Со мной происходило что-то подобное.
Но…
Следующей была Катарина.
Мы с Тайрой были искренне рады за подругу. Мы обнимали её, поздравляли, восхищались красотой её фамильяра. Я помню, как Тайра светилась от счастья за Катарину, как её глаза блестели, когда она спрашивала, каково это – ощущать связь со своим фамильяром.
Но я видел, как что-то неуловимо изменилось.
И теперь, глядя на неё, лежащую без сознания в моём кабинете, я не мог не думать – если бы я тогда настоял, если бы заставил её поговорить, если бы увидел первые признаки надвигающейся бури...
Могли бы мы избежать всего, что произошло потом?
Тайра застонала, её ресницы дрогнули. Я замер, боясь пошевелиться, боясь спугнуть момент, когда она откроет глаза и увидит меня – настоящего меня, без маски отстранённой вежливости, которую я носил всё это время.
ГЛАВА 39
А потом в жизни Тайры наступила чёрная полоса. Одна сплошная и беспросветная. Как, впрочем, и в моей.
Сначала беда с её мамой. Я пытался поддержать Тайру, как мог. Сидел с ней, держал за руку, когда приходили известия, одно другого хуже. Приносил для неё еду, которую она не ела. Пытался отвлечь разговорами, которые она не слышала.
Но горе и переживания сделали её отстранённой. Она словно построила стену между собой и миром – и мной.
Что-то изменилось в ней, словно огонь внутри начал угасать. Та Тайра, которую я знал, всегда была как пламя – яркая, непредсказуемая, согревающая.
– Дай ей время, – сказала Катарина, когда я поделился с ней своим беспокойством. – Ты же знаешь Тайру – она восстановится. Возможно, ей просто нужно побыть одной.
Я послушался. И это было моей первой ошибкой.
Я отступил, дал ей пространство. Перестал навязываться с излишней заботой, с разговорами, с вопросами о том, как она себя чувствует. Думал, что так лучше. Думал, что уважаю её желание уединения. На самом деле просто боялся её боли, не знал, как с ней справиться, как помочь.
Катарина всё чаще находила причины проводить время со мной наедине – совместные проекты, дополнительные занятия, прогулки по парку. Она говорила о Тайре с сочувствием, спрашивала о ней с заботой. Казалось, она искренне переживает за подругу.
– Тайре нужно пространство, – говорила она. – Мы только напоминаем ей о том, чего она лишилась.
И я... я позволил этому случиться. Позволил Тайре отдалиться, слишком боясь причинить ей больше боли.

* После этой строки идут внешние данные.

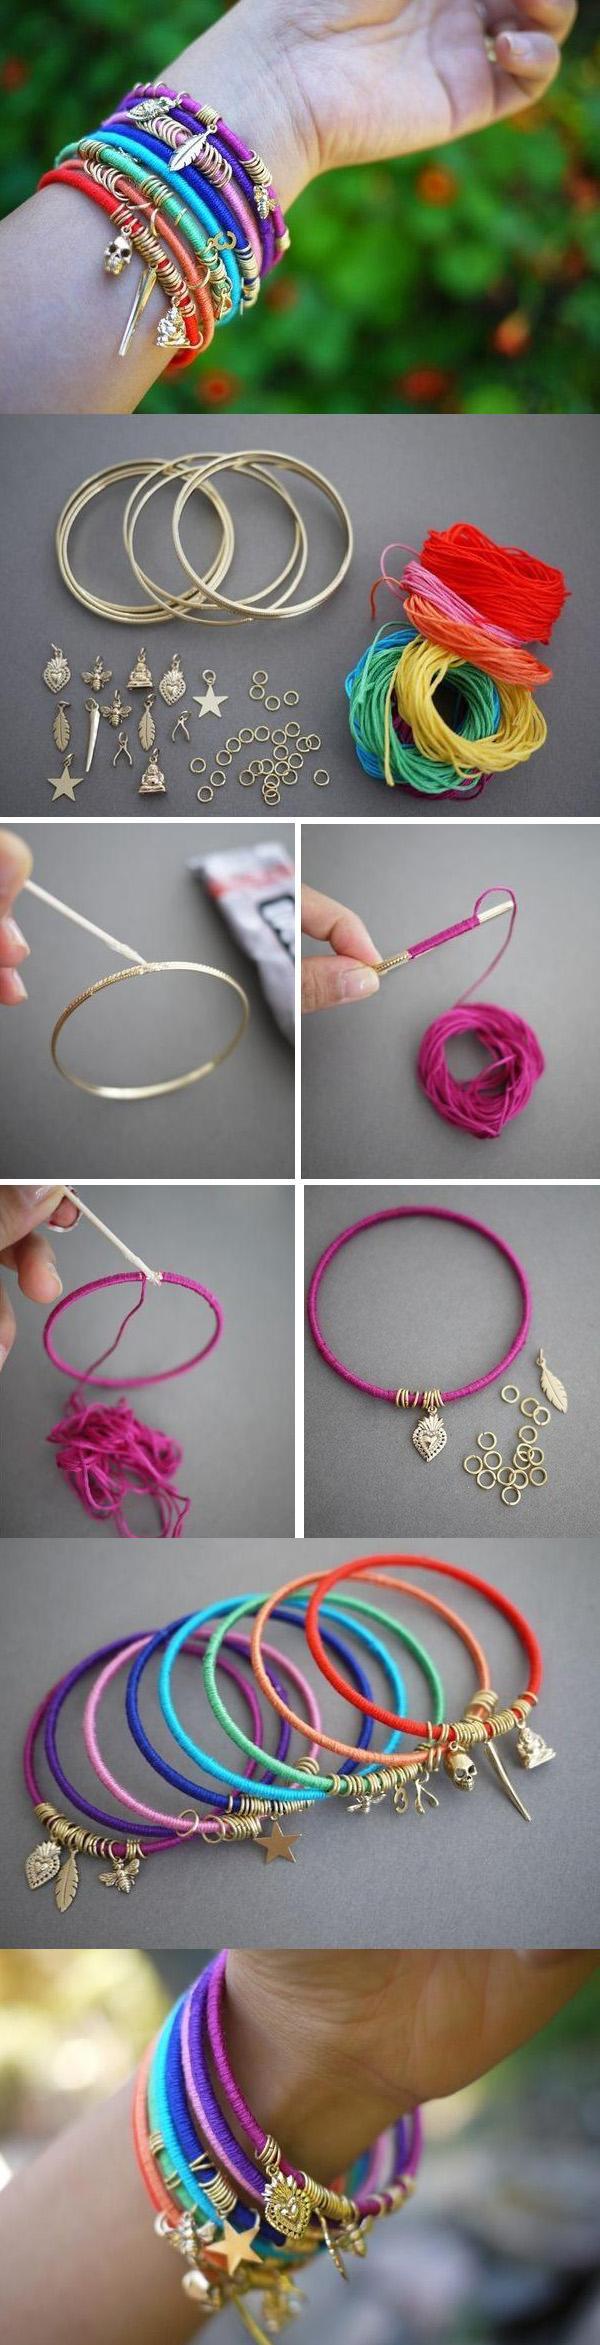 Easy DIY Bracelet-2

Позволил Катарине занять всё больше места в моей жизни, убеждая себя, что это временно, что скоро всё вернётся на круги своя.

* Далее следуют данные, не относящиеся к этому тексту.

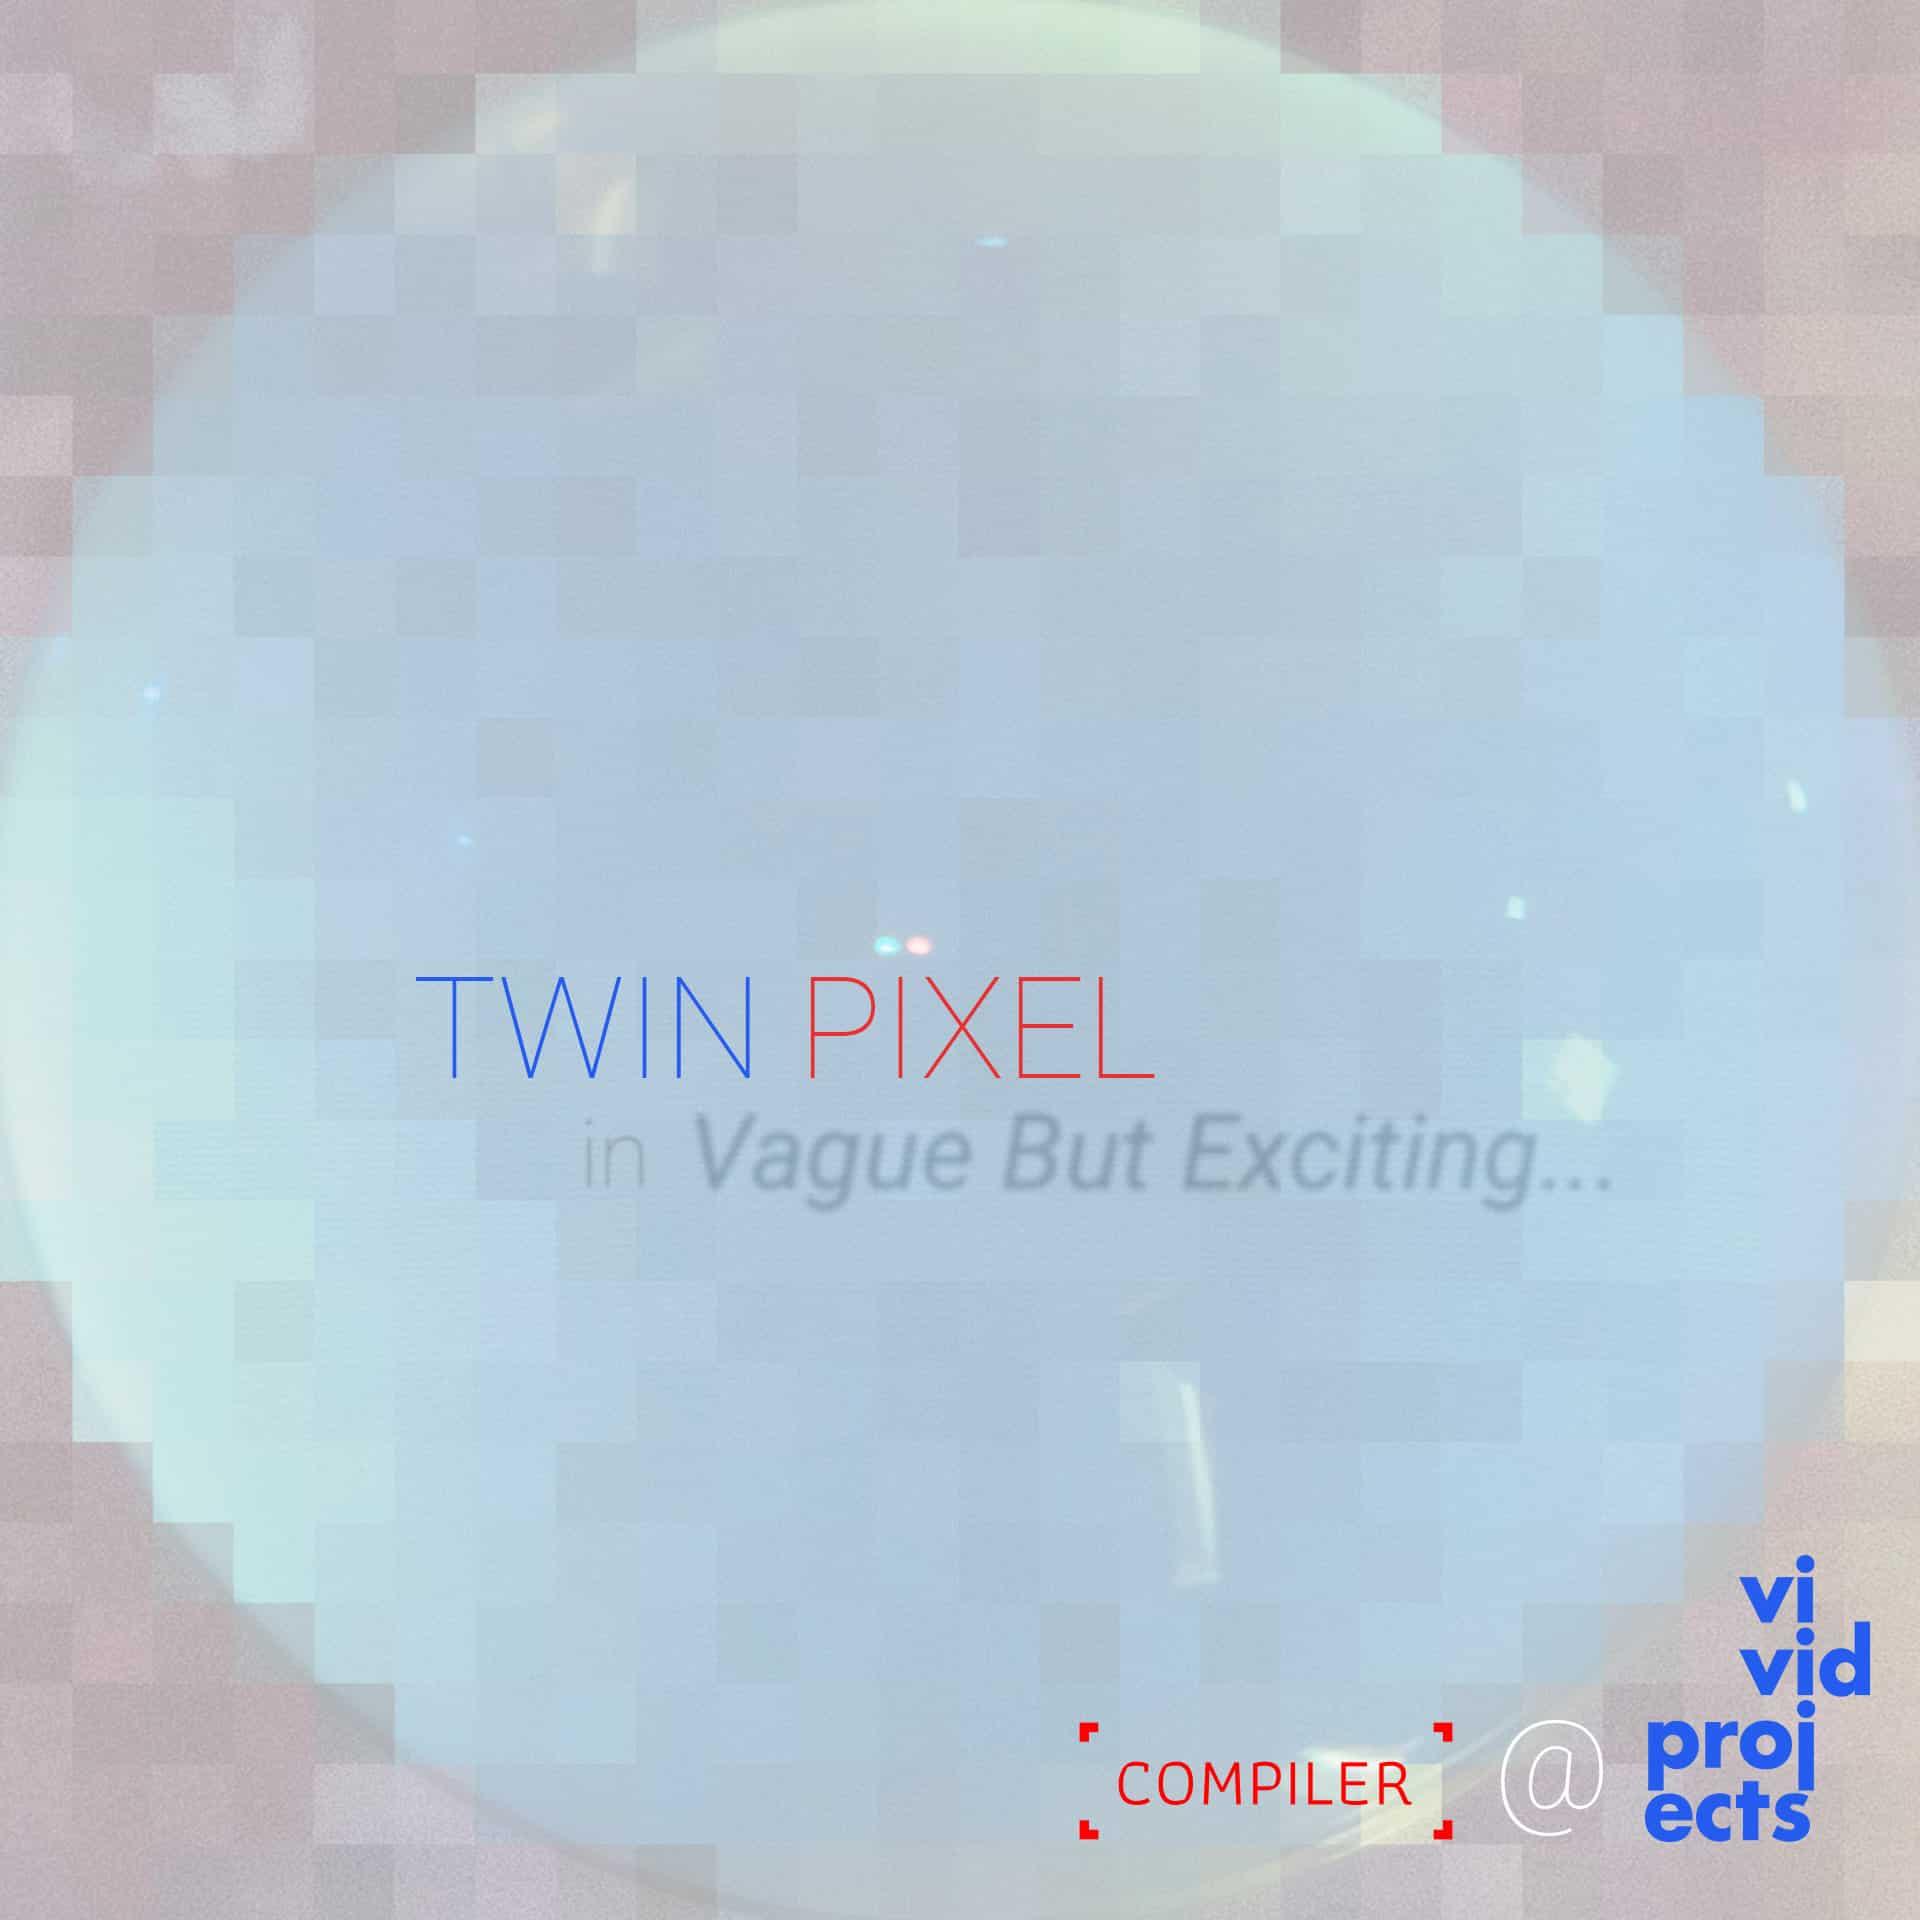 Twin Pixel @ Vivid Projects

Я знал, что Катарина испытывает ко мне чувства большие, чем просто дружеские. Замечал, как она смотрит на меня, когда думает, что я не вижу. Как её прикосновения задерживаются чуть дольше, чем нужно. Как она находит любой повод, чтобы быть рядом.

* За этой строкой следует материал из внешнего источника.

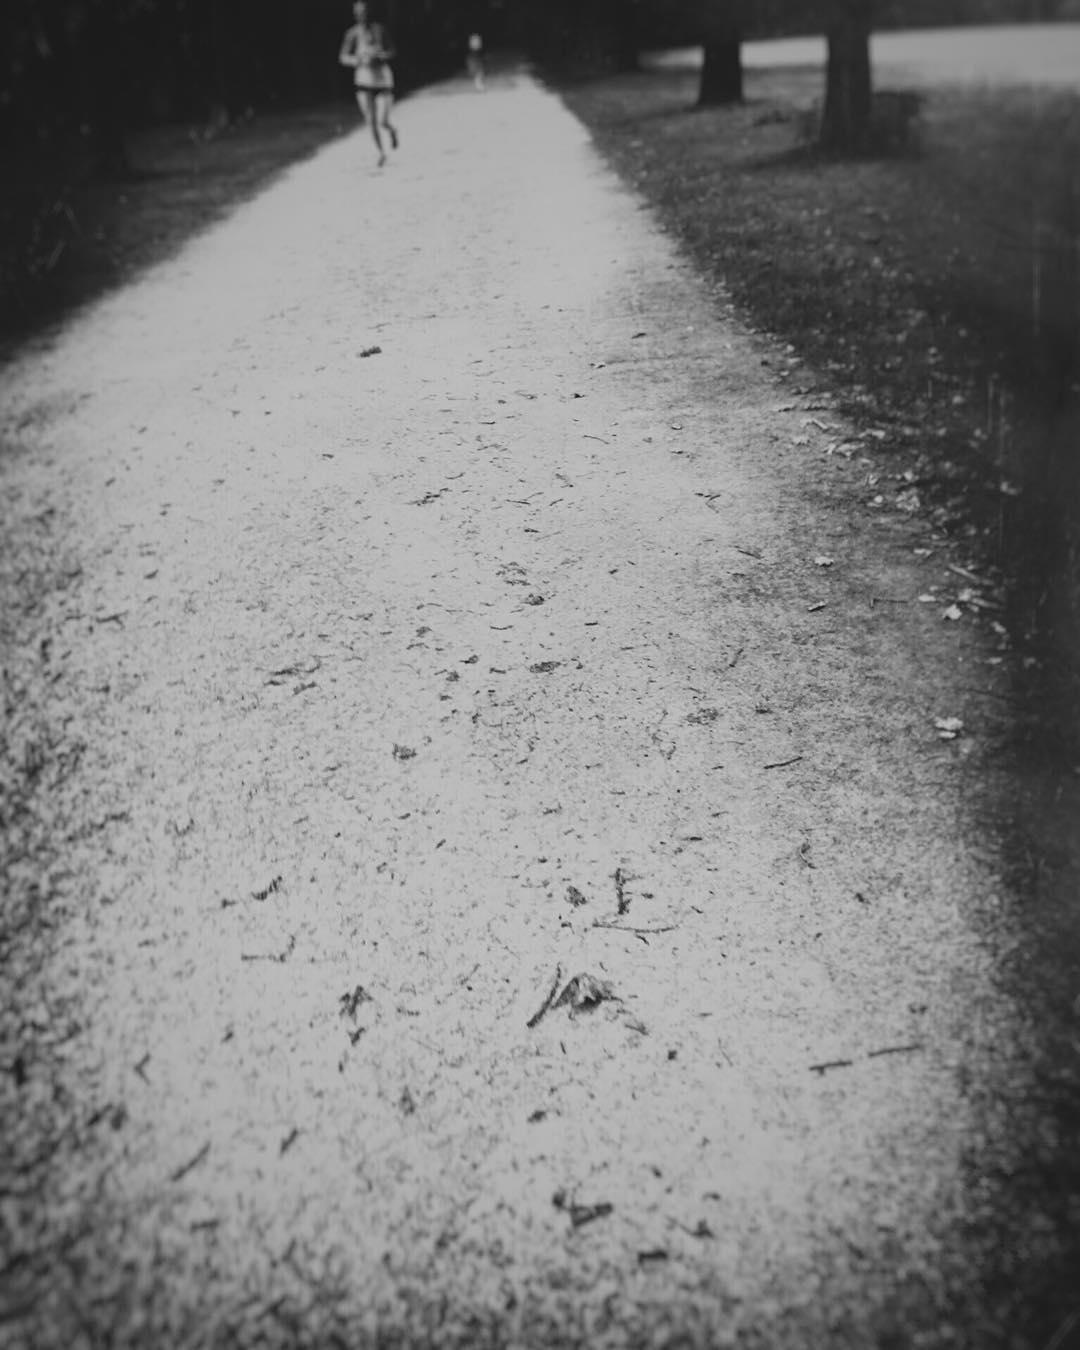 Path-ology of a runner

Но я давал ей понять, что между нами ничего не может быть. Что моё сердце принадлежит Тайре, что всегда будет так.
А потом настал момент Х.
Весенний бал.
Всё начиналось так хорошо. Тайра была так прекрасна в своём платье цвета морской волны. И даже вроде была в хорошем настроении – улыбалась, шутила.
Мне казалось, я вижу проблески той Тайры, которую знал раньше, той, что умела наслаждаться моментом, той, что любила всей душой. Мы танцевали, и я на мгновение подумал, что всё налаживается. Что чёрная полоса заканчивается, что мы можем начать заново.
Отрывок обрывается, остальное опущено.